NTI-SLSTM node-by-node global attention

This model learns inter-sentence relation with the global attention over premise-indexed tree, which is similar to word-by-word attention model of Rocktäschel et al. (2016) in that it attends over the premise tree nodes at every time step of hypothesis encoding. We tie the weight parameters of the two NTI-SLSTMs for premise and hypothesis and no fleaf transformer used. We set the initial learning rate to 3e–4 and l2 regularizer strength to 1e–5, and train the model for 40 epochs. The neural net was regularized by 15% input dropouts and the 15% output dropouts.

NTI-SLSTM node-by-node tree attention

This is a variation of the previous model with the tree attention. The hyper-parameters are the same as the previous model.

NTI-SLSTM-LSTM node-by-node global attention

In this model we include LSTM as the leaf node function fleaf. Here we initialize the memory cell of S-LSTM with LSTM memory and hidden/memory state of hypothesis LSTM with premise LSTM (the later follows the work of (Rocktäschel et al., 2016)). We set the initial learning rate to 3e–4 and l2 regularizer strength to 1e–5, and train the model for 10 epochs. The neural net was regularized by 10% input dropouts and the 15% output dropouts.

NTI-SLSTM-LSTM node-by-node tree attention

This is a variation of the previous model with the tree attention. The hyper-parameters are the same as the previous model.

Tree matching NTI-SLSTM-LSTM global attention

This model first constructs the premise and hypothesis trees simultaneously with the NTI-SLSTM-LSTM model and then computes their matching vector by using the global attention and an additional LSTM. The attention vectors are produced at each hypothesis tree node and then are given to the LSTM model sequentially. The LSTM model compress the attention vectors and outputs a single matching vector, which is passed to an MLP for classification. The MLP for this tree matching setting has an input layer with 1024 units with ReLU activation and a softmax output layer.

Unlike Wang and Jiang (2016)’s matching LSTM model which is specific to matching sequences, we use the standard LSTM units and match trees. We set the initial learning rate to 3e–4 and l2 regularizer strength to 3e–5, and train the model for 20 epochs. The neural net was regularized by 20% input dropouts and the 20% output dropouts.

Tree matching NTI-SLSTM-LSTM tree attention

We replace the global attention with the tree attention.
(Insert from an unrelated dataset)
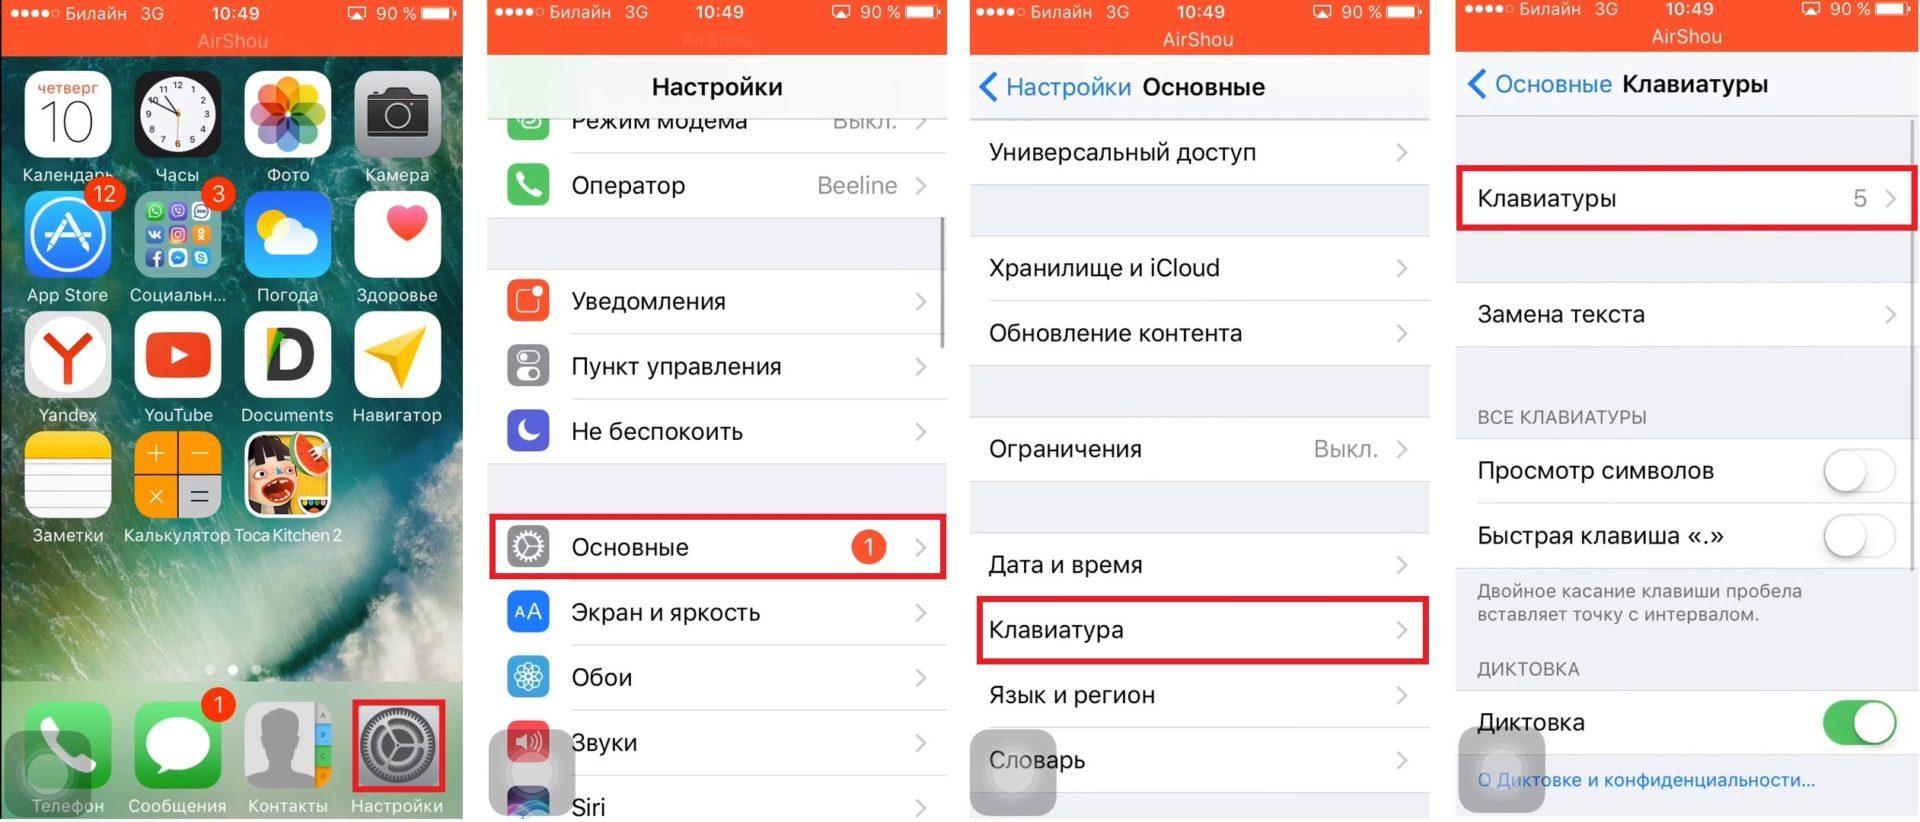 Как перевести телеграмм на русский язык на айфоне фото 104

The hyper-parameters are the same as the previous model.

Full tree matching NTI-SLSTM-LSTM global attention

This model produces two sets of the attention vectors, one by attending over the premise tree regarding each hypothesis tree node and another by attending over the hypothesis tree regarding each premise tree node. Each set of the attention vectors is given to a LSTM model to achieve full tree matching. The last hidden states of the two LSTM models (i.e. one for each attention vector set) are concatenated for classification. The training weights are shared among the LSTM models The hyper-parameters are the same as the previous model.4

Table 1 shows the results of our models. For comparison, we include the results from the published state-of-the-art systems. While most of the sentence encoder models rely solely on word embeddings, the dependency tree CNN and the SPINN-PI models make use of sentence parser output; which present strong baseline systems. The last set of methods designs inter-sentence relation with soft attention (Bahdanau et al., 2015). Our best score on this task is 87.3% accuracy obtained with the full tree matching NTI model. The previous best performing model on the task performs phrase matching by using the attention mechanism.

Table 1.

Training and test accuracy on natural language inference task. d is the word embedding size and |θ|M the number of model parameters.

Model d |θ|M Train Test

Classifier with handcrafted features (Bowman et al., 2015a) - - 99.7 78.2

LSTMs encoders (Bowman et al., 2015a) 300 3.0M 83.9 80.6
Dependency Tree CNN encoders (Mou et al., 2016) 300 3.5M 83.3 82.1
NTI-SLSTM (Ours) 300 3.3M 83.9 82.4
SPINN-PI encoders (Bowman et al., 2016) 300 3.7M 89.2 83.2
NTI-SLSTM-LSTM (Ours) 300 4.0M 82.5 83.4

LSTMs attention (Rocktäschel et al., 2016) 100 242K 85.4 82.3
LSTMs word-by-word attention (Rocktäschel et al., 2016) 100 250K 85.3 83.5
NTI-SLSTM node-by-node global attention (Ours) 300 3.5M 85.0 84.2
NTI-SLSTM node-by-node tree attention (Ours) 300 3.5M 86.0 84.3
NTI-SLSTM-LSTM node-by-node tree attention (Ours) 300 4.2M 88.1 85.7
NTI-SLSTM-LSTM node-by-node global attention (Ours) 300 4.2M 87.6 85.9
mLSTM word-by-word attention (Wang and Jiang, 2016) 300 1.9M 92.0 86.1
LSTMN with deep attention fusion (Cheng et al., 2016) 450 3.4M 88.5 86.3
Tree matching NTI-SLSTM-LSTM tree attention (Ours) 300 3.2M 87.3 86.4
Decomposable Attention Model (Parikh et al., 2016) 200 580K 90.5 86.8
Tree matching NTI-SLSTM-LSTM global attention (Ours) 300 3.2M 87.6 87.1
Full tree matching NTI-SLSTM-LSTM global attention (Ours) 300 3.2M 88.5 87.3

Our results show that NTI-SLSTM improved the performance of the sequential LSTM encoder by approximately 2%. Not surprisingly, using LSTM as leaf node function helps in learning better representations. Our NTI-SLSTM-LSTM is a hybrid model which encodes a sequence sequentially through its leaf node function and then hierarchically composes the output representations. The node-by-node attention models improve the performance, indicating that modeling inter-sentence interaction is an important element in NLI. Aggregating matching vector between trees or sequences with a separate LSTM model is effective. The global attention seems to be robust on this task. The tree attention were not helpful as it normalizes the attention scores locally in parent-child relationship.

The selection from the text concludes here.